Dr Jacqueline Hannam
July 2017

Soil Technology: Sustainable food production from the ground up

Exploring how soil technology can help ensure a sustainable future in food production.

Land comprises a range of natural resources including soil and water that are under increasing demands from a growing human population. To avoid degradation, these natural assets require careful management. 

Huge benefits can be achieved through better land management, leading to a more sustainable environment that is resilient in the face of changing land use, climate change and extreme weather events.


Dr Jacqueline Hannam is currently a Research Officer in Soil Systems focusing on pedology and soil hydrology at Cranfield University. Prior to joining in 2004 she worked at ETH Zurich and the University of Liverpool as a Post-Doctoral Research Assistant (PDRA) on various projects related to environmental magnetism. She has a degree in Environmental Science and a PhD in soil magnetism.

Jack sits on the council of the British Society of Soil Science (BSSS) and is chair of the Education and Outreach committee and South East England Regional Group. She is a passionate science communicator and has been involved in many national outreach activities including Soapbox Science and Open Farm Sunday. 

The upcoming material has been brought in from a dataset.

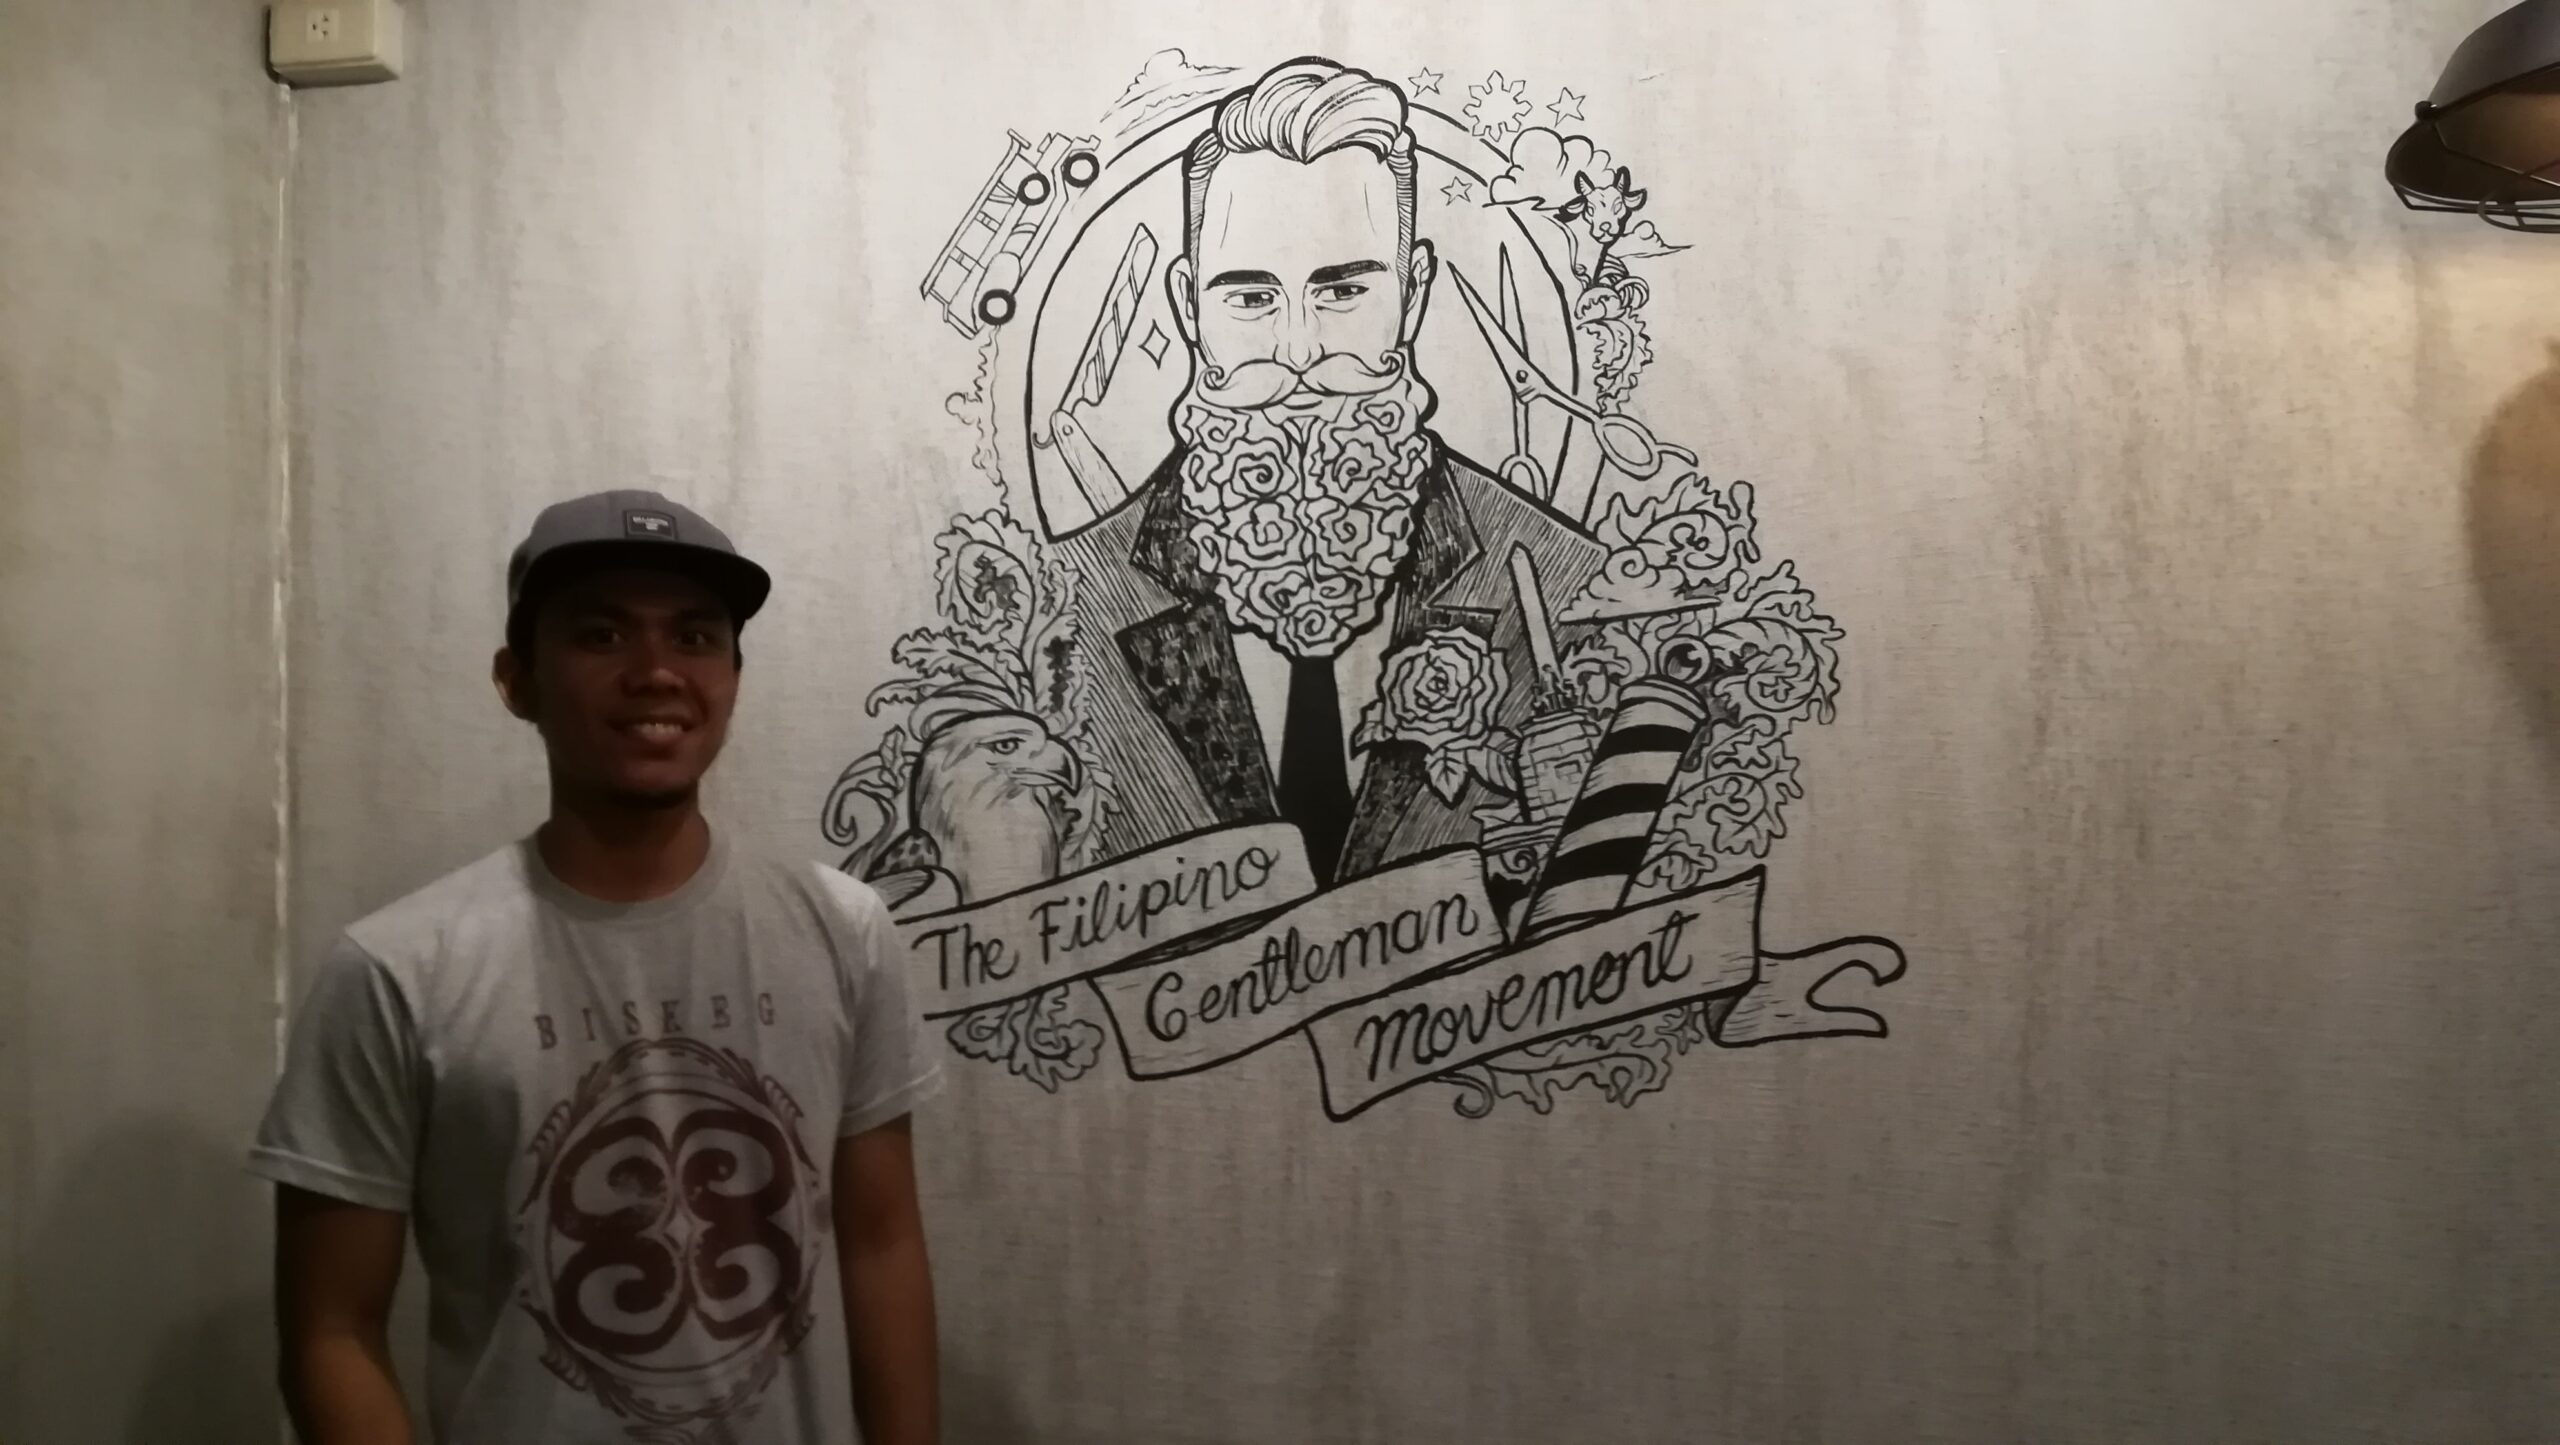 “The Filipino Gentleman” Mural by Mel Casipit

Jack has been involved in various research projects including the development of a decision support system to minimise soil damage during sugar beet harvest (KTP with British Sugar), as well as researching the effect of afforestation on soil carbon stocks (Forestry Commission). Her research focuses on how soil changes at field to landscape scales, in particular how this affects soil functions and how we manage our soil resources. She has a particular interest in how we can use environmental data and technology to better understand soil systems and provide the necessary support to manage soil sustainably at the farm level.